### DATA BELOW

"""

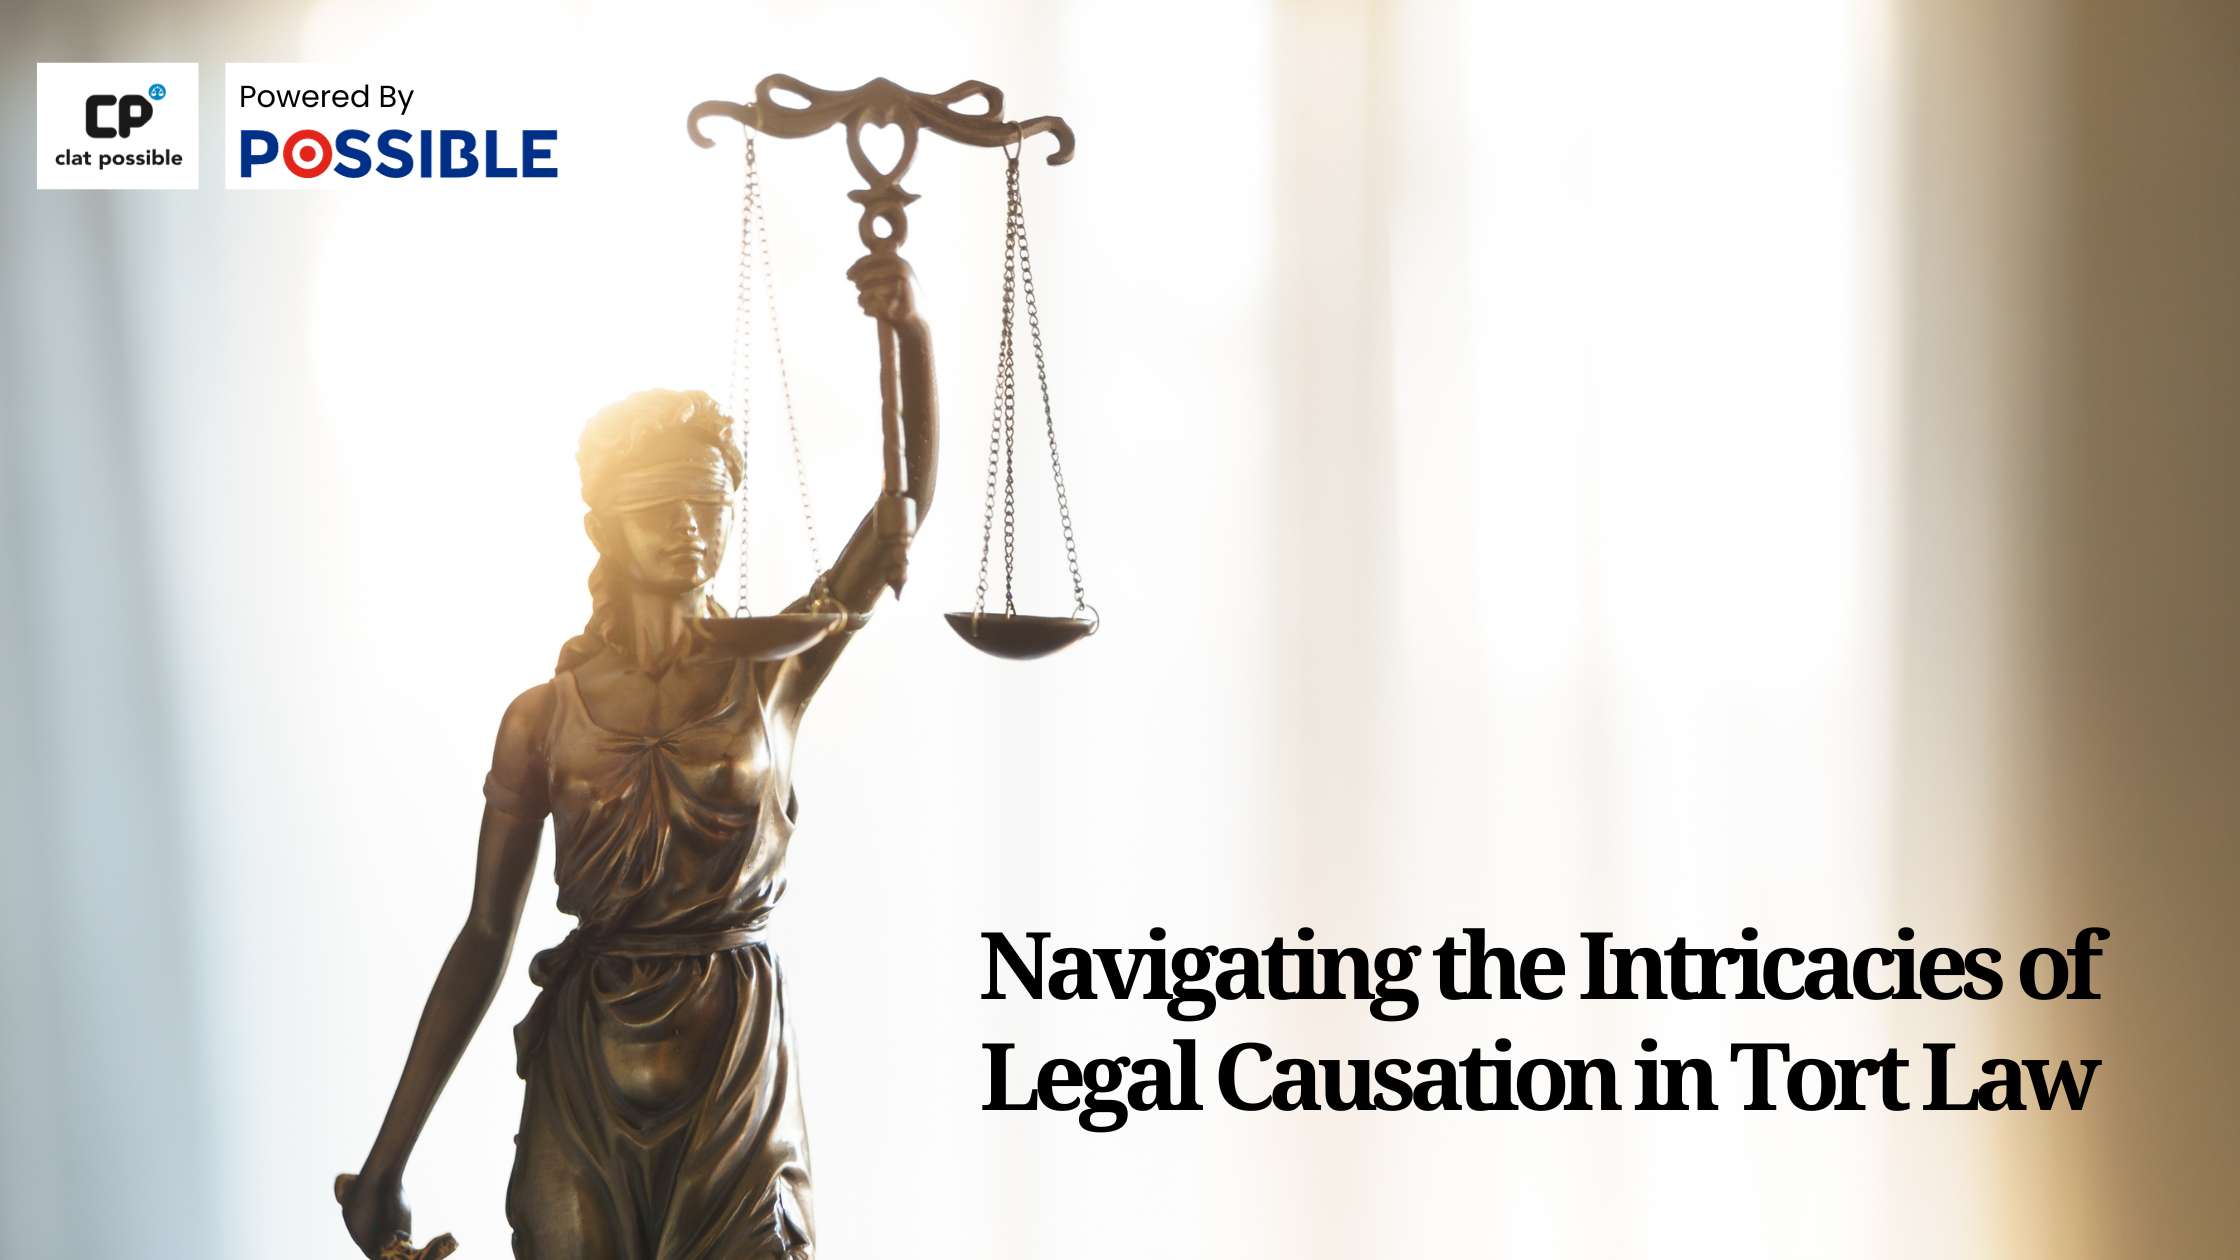 Legal Causation in Tort Law
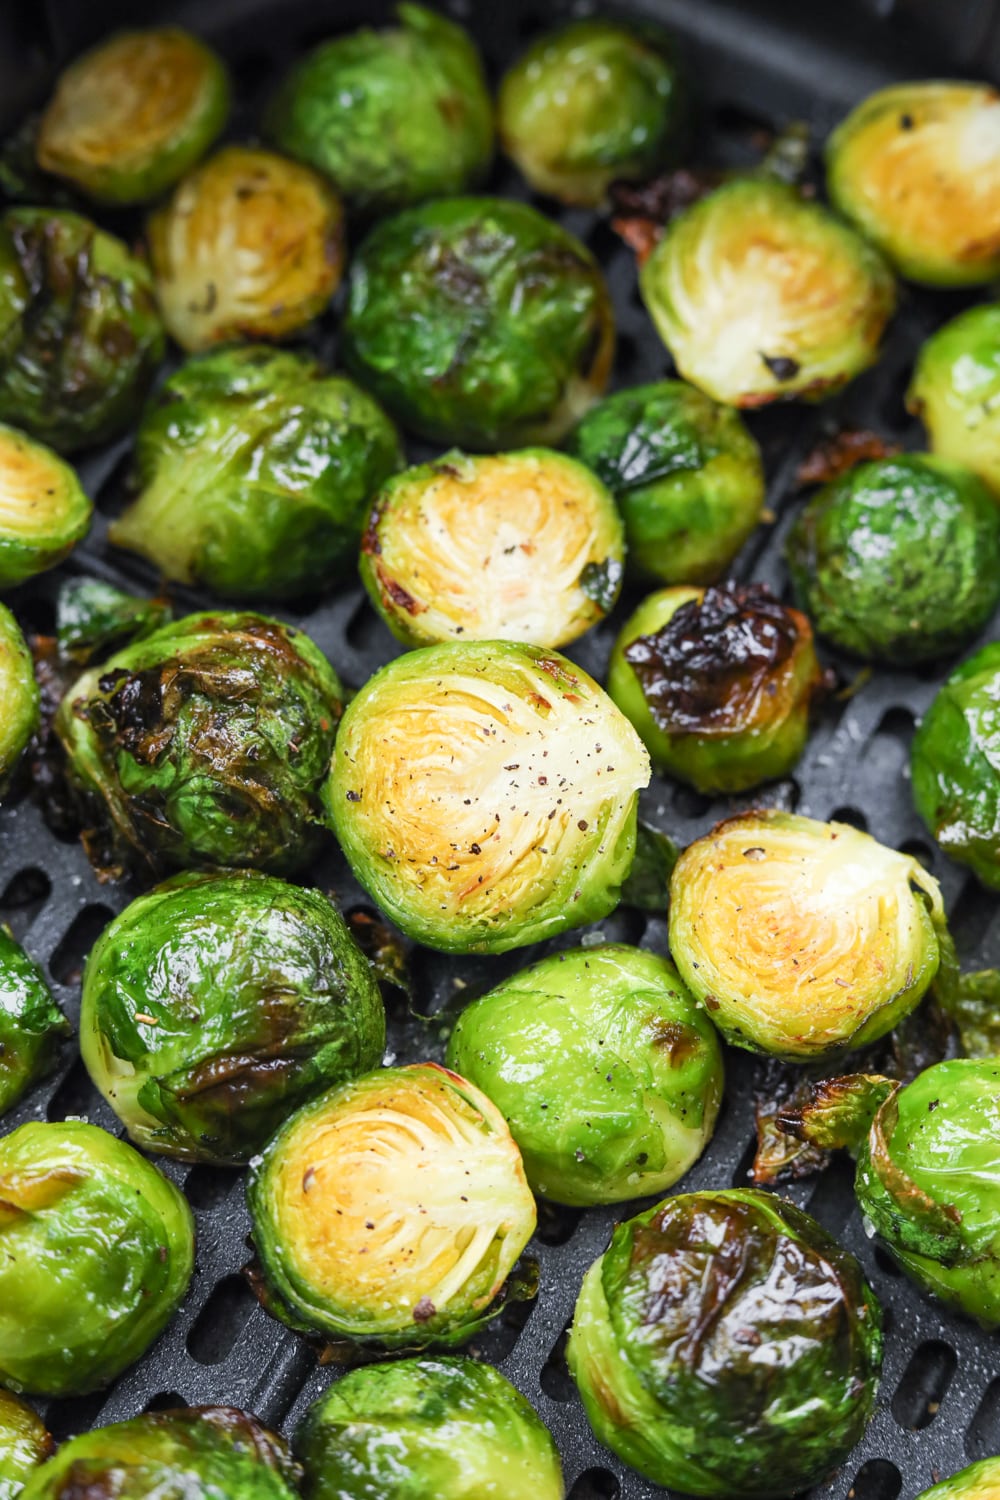 Roasted brussels sprouts in a black air fryer basket.
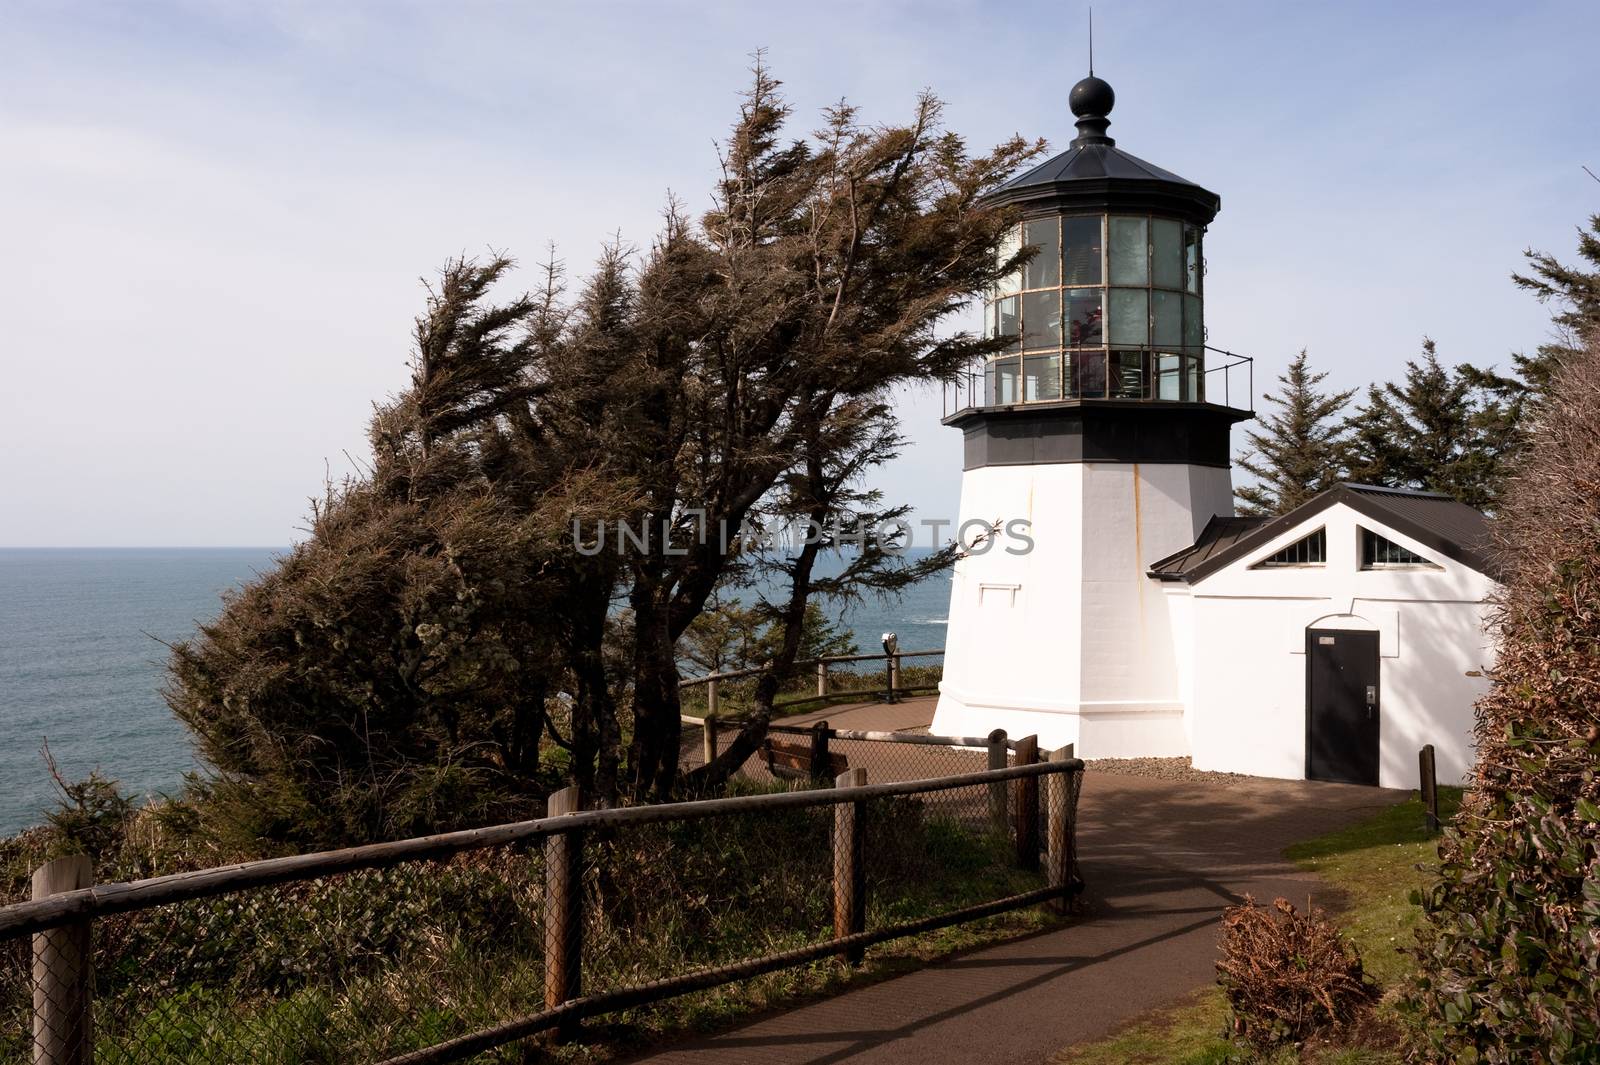 Cape Mears Lighthouse Pacific West Coast Oregon United States by ChrisBoswell

"""

### REQUIRED WORK
Give the listing again word for word. Skip every image.

### ANSWER FOR THIS EXERCISE
 Legal Causation in Tort Law
 Roasted brussels sprouts in a black air fryer basket.
 Cape Mears Lighthouse Pacific West Coast Oregon United States by ChrisBoswell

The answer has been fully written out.